Un conte improbable attribue cette dénomination à un seigneur local qui aurait partagé ses vignes au XVIe siècle entre ses deux filles, l’une blonde et l’autre brune. En réalité, la richesse géologique de la région donne une explication bien plus convaincante à la différence de caractère entre les vins : plus doux au sud et plus structurés, parfois fumés, au nord.

Si vous avez le temps, empruntez l’une des routes qui s’élèvent rapidement dans les vignes à près de 300 mètres au-dessus du corridor où passent l’autoroute, la voie ferrée et la route nationale. La vue depuis Tupin-et-Semons, la plus petite et sans doute la plus attrayante des trois communes de l’appellation, vaut largement le détour et offre un panorama spectaculaire.

La route est encore plus étroite que celles qui sillonnent le Lavaux et il ne faut craindre ni le vertige ni le croisement d’un autre véhicule. Semons, le hameau situé sur les hauteurs, aurait été construit après une crue catastrophique du Rhône qui, au Moyen Âge, aurait balayé les maisons et leurs habitants situés plus bas le long des berges.

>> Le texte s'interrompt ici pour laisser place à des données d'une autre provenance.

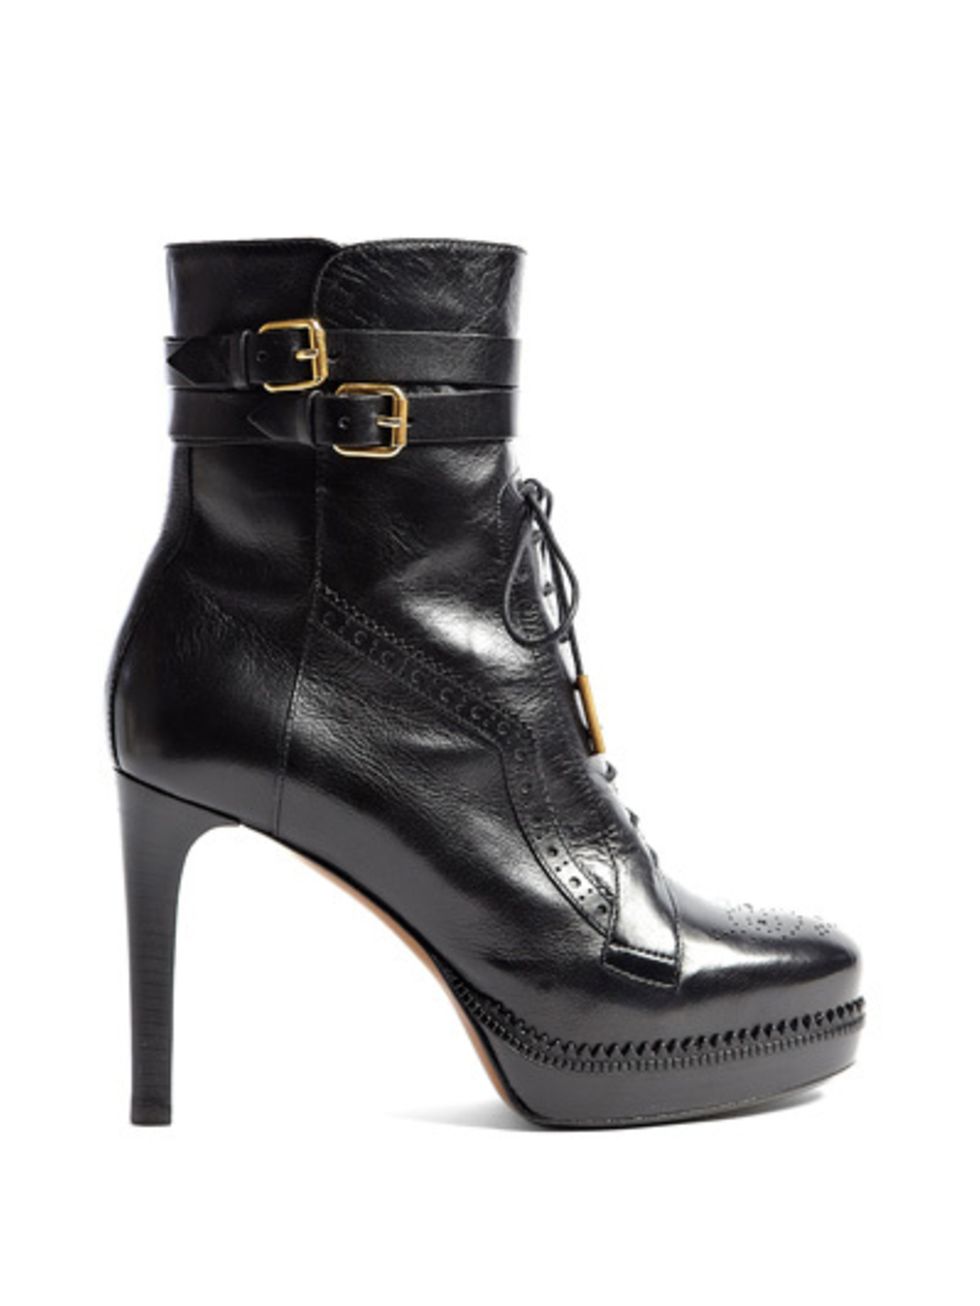 Footwear, Boot, Shoe, Fashion, Black, Leather, Fashion design, High heels,

On y trouve aujourd’hui une jolie église en pierre et un petit village groupé autour de quelques maisons vigneronnes, d’une école, de la mairie et d’une source d’eau naturelle qui a donné son nom au restaurant local offrant une vue spectaculaire sur la vallée.

Un belvédère permet d’embrasser le paysage depuis Vienne jusqu’à Saint-Maurice-l’Exil et de surplomber les vignes qui dévalent sous vos pieds sans interruption jusqu’à la voie ferrée.